Machine Gun Kelly explains to Kerrang! how Nirvana frontman Kurt Cobain was an idol for him growing up.

Mgk Jonathan Weiner 2020 7
Photo:
Jonathan Weiner

Ahead of the release of his highly-anticipated pop-punk album Tickets To My Downfall on September 25, Machine Gun Kelly has revealed to Kerrang! how Kurt Cobain’s emotion-fuelled guitar playing inspired him – both growing up, and on record.

Discussing the power of three simple chords and why technical proficiency should never overpower the feel of a song, he jokes, “Not all of us are born with fingers that move like fucking Ferraris, homie.

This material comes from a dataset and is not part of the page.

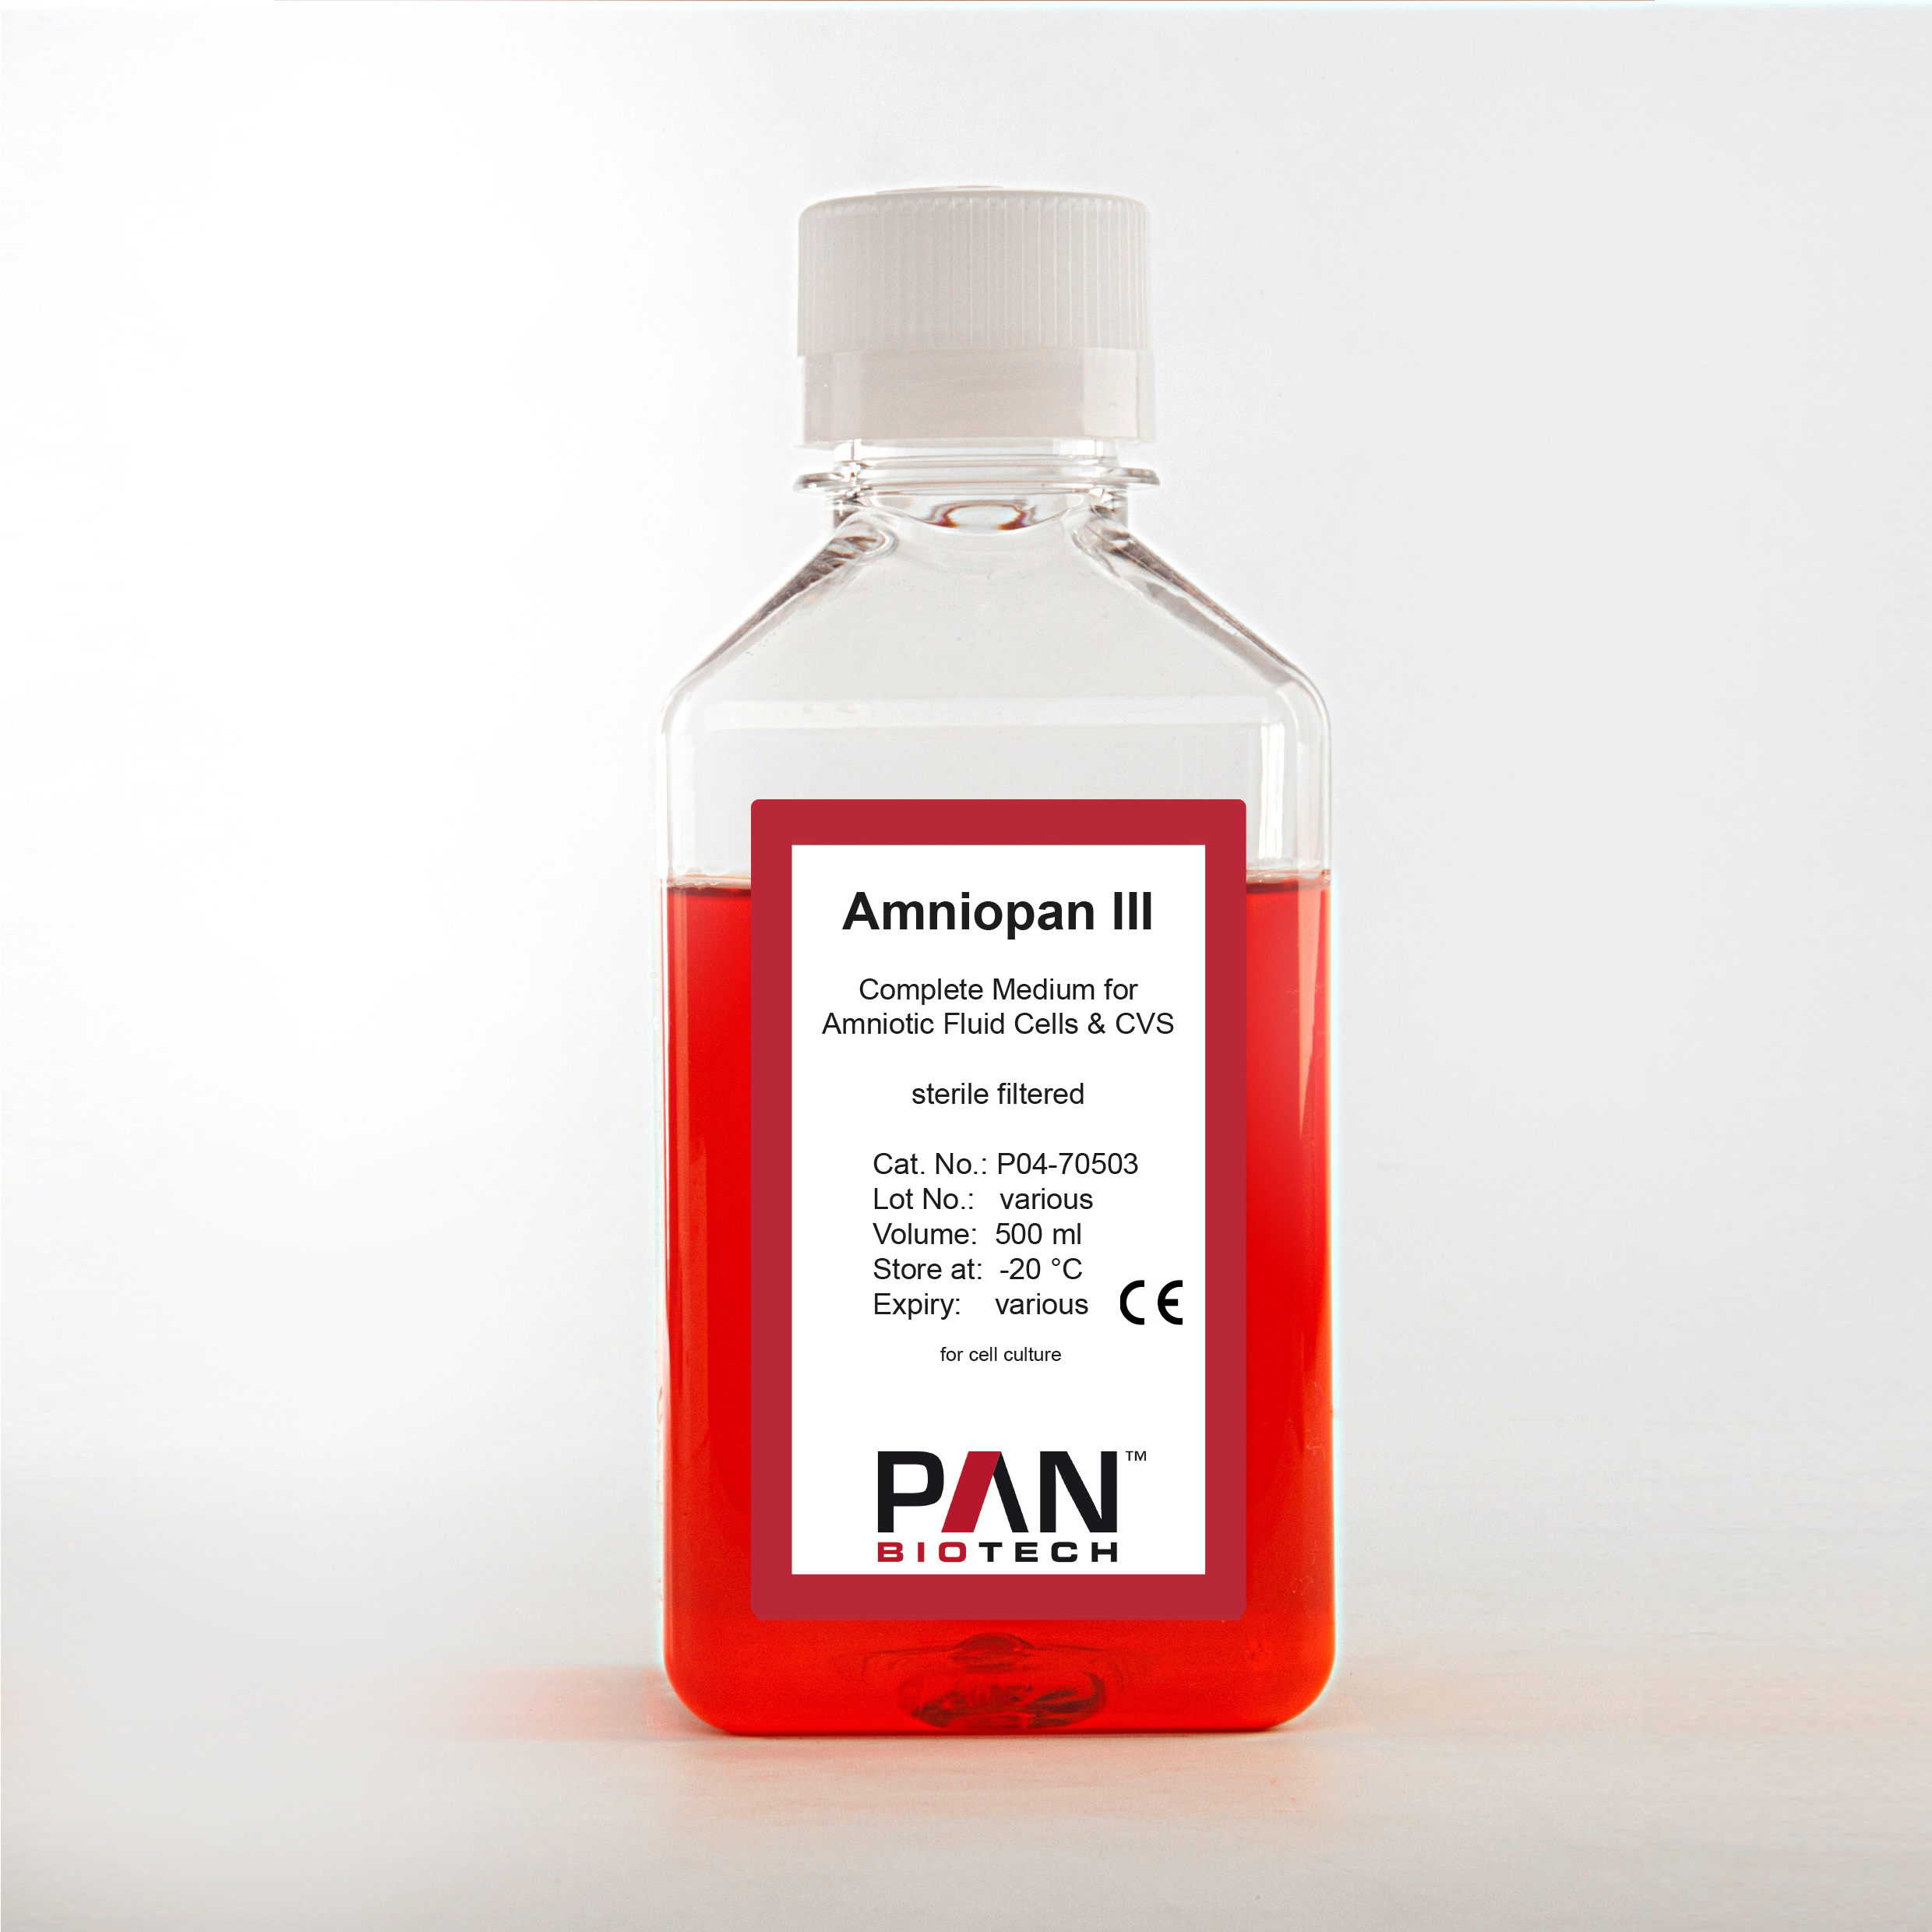 Amniopan III, Complete Medium for Amniotic Fluid Cells & CVS

Read this: Machine Gun Kelly: From rap devil to pop-punk god

“Some of us are just fuck-ups who look normal and wear shitty clothes because we can’t afford good ones, and we’re angry and we just wanna take out our angst and shit with a guitar. I’m not inspired by how good you are, it’s almost like the opposite. I wanna feel you.”

Praising the Nirvana frontman and his influence directly, MGK continues: “Kurt didn’t give a fuck how he sounded, he gave a fuck how he felt. He was like, ‘Dude, my stomach hurts today. I feel like shit. I hate this song that you all love so much. I’m gonna play it terribly. I’m not even gonna sing the right lyrics to this shit. Fuck you!’

“That is how I felt when I was 13, waking up and my dad’s still asleep in bed, and the kids that I went to school with fucking hated me, and I’d worn the same clothes for five days, and I was tall, skinny and didn’t fit in. I was a basement; where the fuck was I going to learn how to play like Steve Vai? I couldn’t! I was broke. No-one gave a fuck about me. Give me three chords, though, and tell me to show you how I feel, and I bet you I will.

“Fuck the people who think that your technicalities are what defines you,” he adds. “You know robots can do things really fucking good, right? But a robot can’t make you feel. I bet you a robot can play the most technical guitar solo than anybody on this fucking planet, but it can play it better than Kurt at the Reading Festival in [1992].”